= Latarjet procedure =

Surgical procedure on shoulder dislocations

The Latarjet operation, also known as the Latarjet-Bristow procedure, is a surgical procedure used to treat recurrent shoulder dislocations, typically caused by bone loss or a fracture of the glenoid. The procedure was first described by French surgeon Dr. Michel Latarjet in 1954.

==Mechanism==
The mechanism of action has been described as a triple blocking effect:
1. conjoint tendon of shoulder i.e short head of the biceps and coracobrachialis, acting as a sling on the subscapularis and capsule with the arm abducted and externally rotated;
2. increasing or restoring the glenoid bone; and
3. repair of the capsule to the stump of coracoacromial ligament.

==Procedure==
The Latarjet procedure involves the removal and transfer of a section of the coracoid process and its attached muscles to the front of the glenoid. This placement of the coracoid acts as a bone block which, combined with the transferred muscles acting as a strut, prevents further dislocation of the joint. In layman's terms, this procedure involves removing a piece of bone from another part of the shoulder, and attaching it to the front of your shoulder socket. The bone will then act as a barrier which will physically block the shoulder from slipping out of the socket, while the muscles which are transferred with the bone will give additional stability to the joint.

==Effectiveness==
While the Latarjet procedure can be used for surgical treatment of most cases of shoulder dislocations or subluxation, it is particularly indicated in cases with bone defects. The failure rate following arthroscopic Bankart repair has been shown to dramatically increase from 4% to 67% in patients with significant bone loss.

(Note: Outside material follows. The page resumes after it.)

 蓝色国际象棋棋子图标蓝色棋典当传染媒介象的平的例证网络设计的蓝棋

The same authors subsequently reported much improved results when the Latarjet operation was used in patients with bone loss. A number of technical variations have been proposed including both open and arthroscopic variations. Complication rates are between 15–30%, with long-term issues such as graft osteolysis continuing to be an issue with the procedure.

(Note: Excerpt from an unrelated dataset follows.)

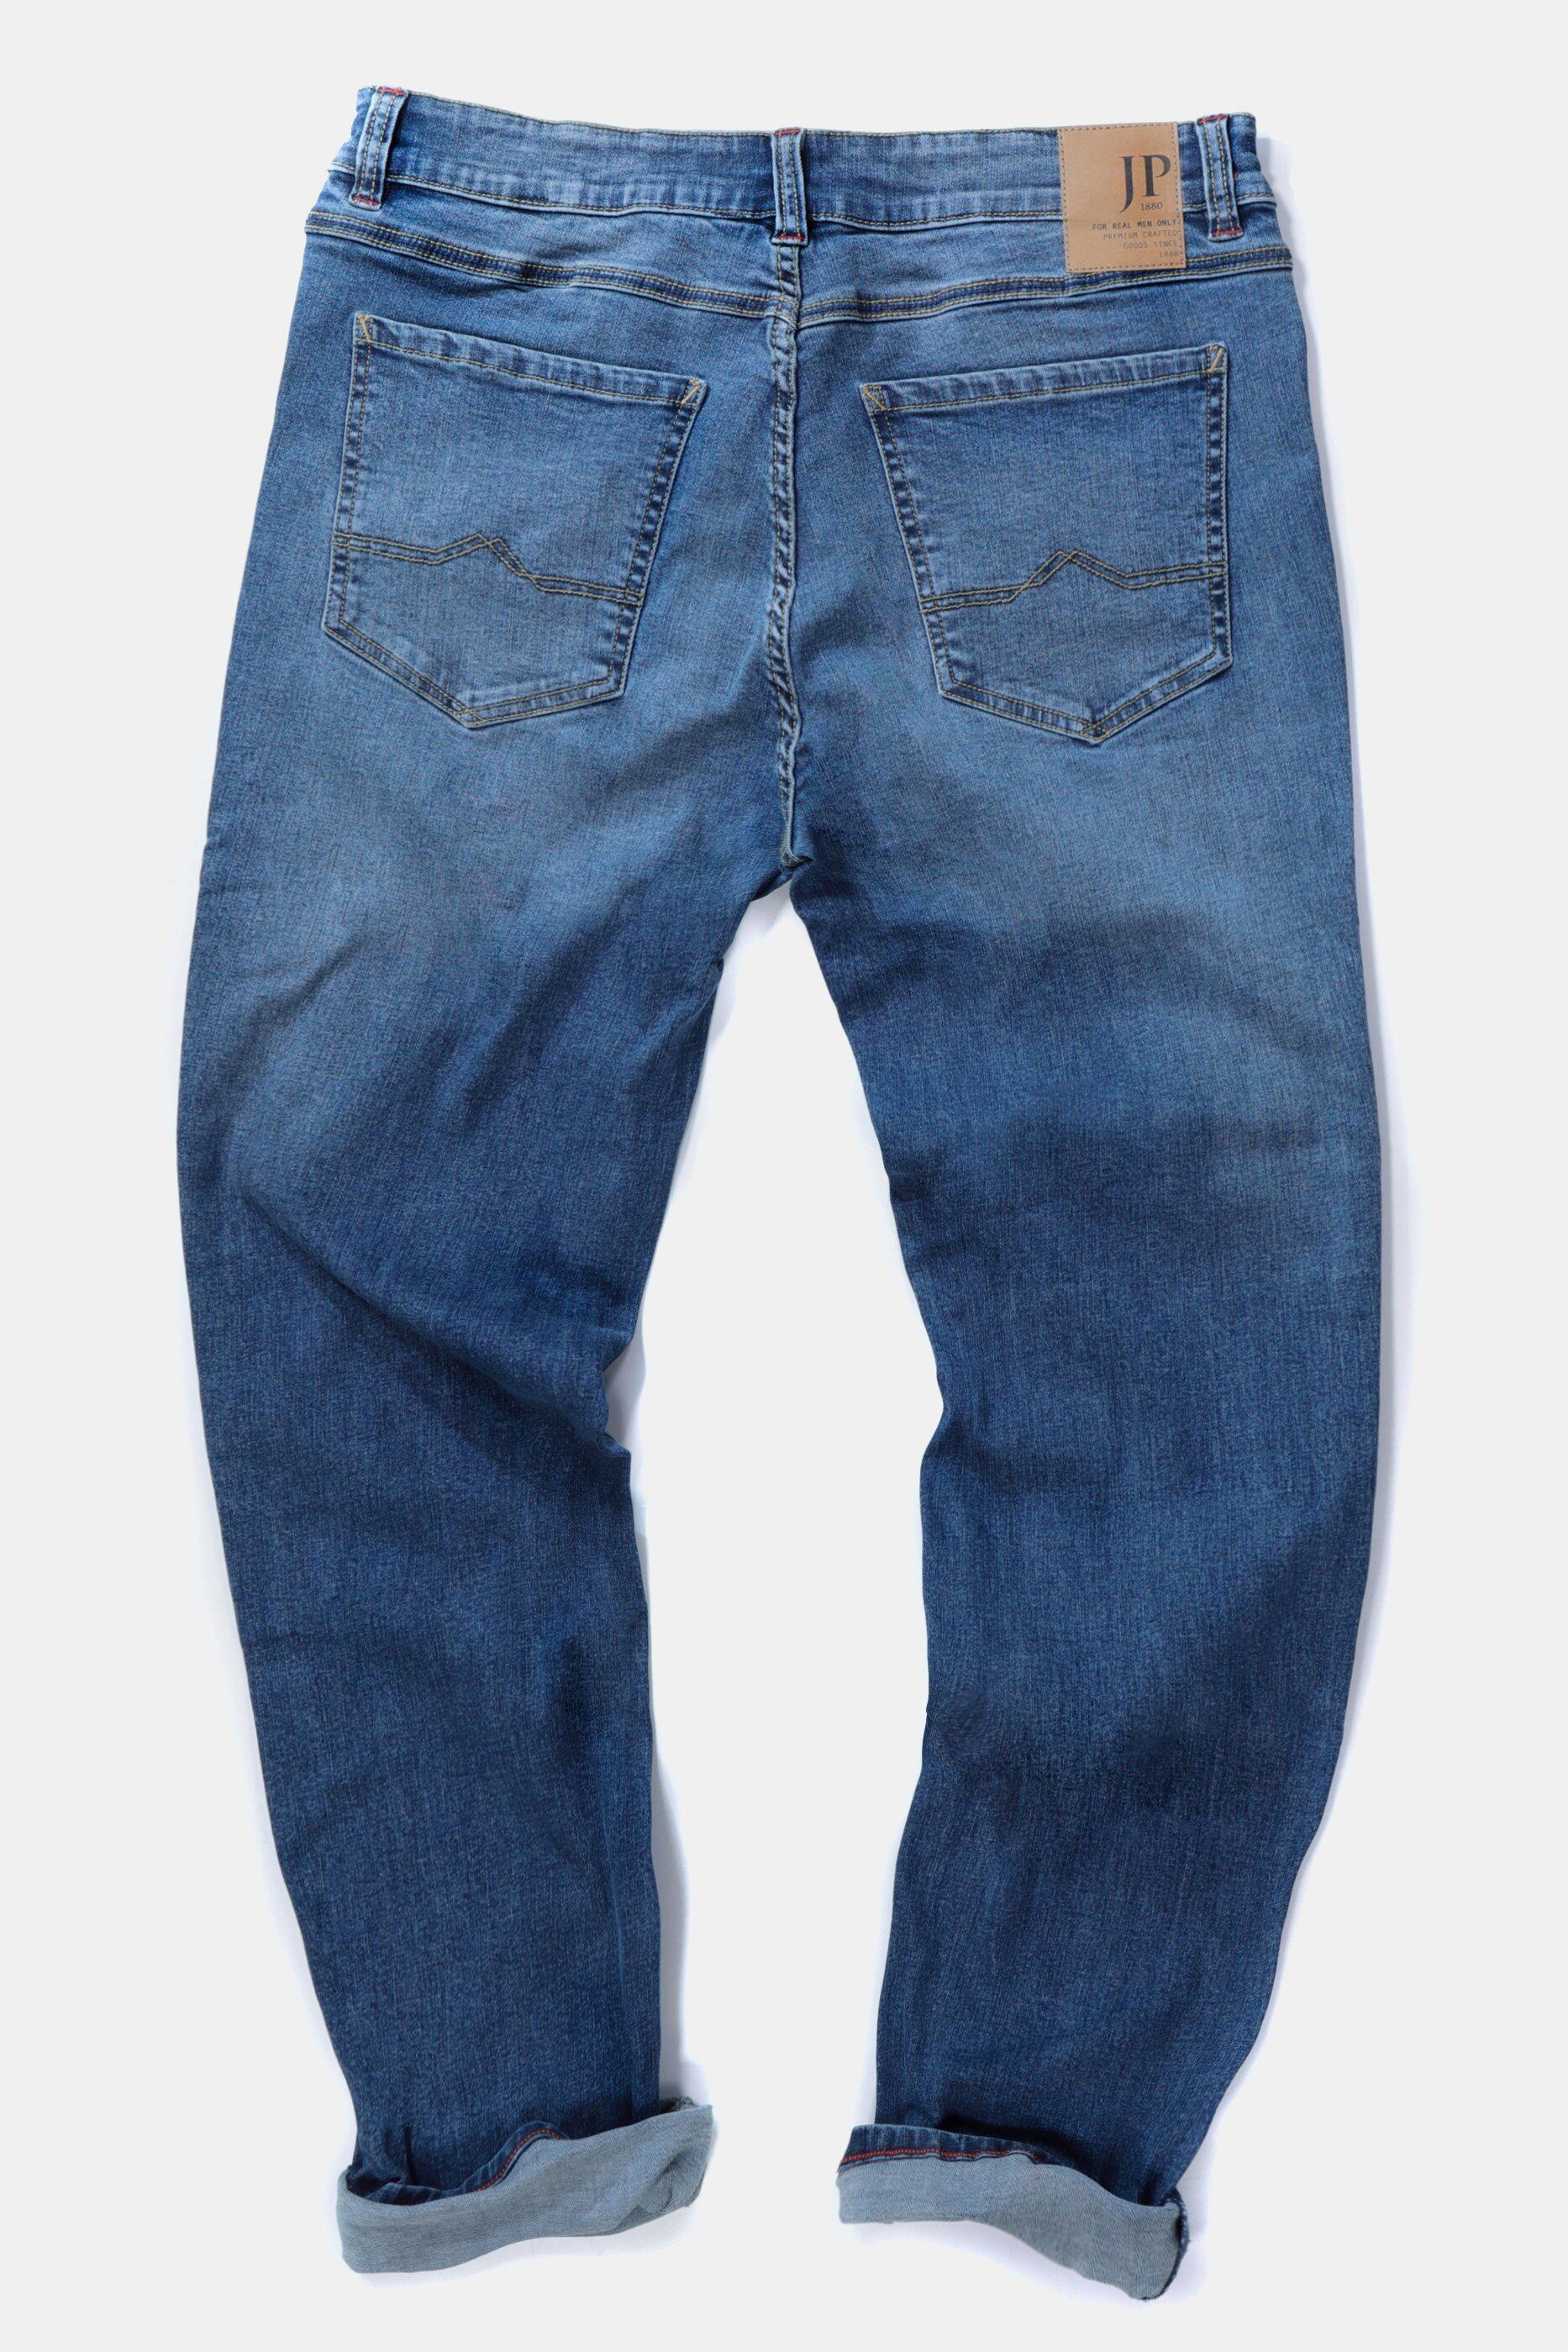 Jeans 5-Pocket-Jeans Fit JP1880 bis 70/35 FLEXNAMIC® blue Gr. Straight denim Denim

With appropriate patient selection, the Latarjet procedure can be expected to prevent recurrent anterior instability in approximately 94–99% of cases. Full recovery can take six months; however, the majority of activities can be resumed after three. The main long-term side effect is reduced external rotation range in the shoulder.

The Latarjet operation has also been demonstrated to be successful in contact athletes and rugby players.

In summary, the Latarjet operation may ideally be suited as the shoulder reconstruction procedure of choice for contact athletes, patients with increased shoulder laxity, failed previous shoulder reconstructions or if there is significant bone damage.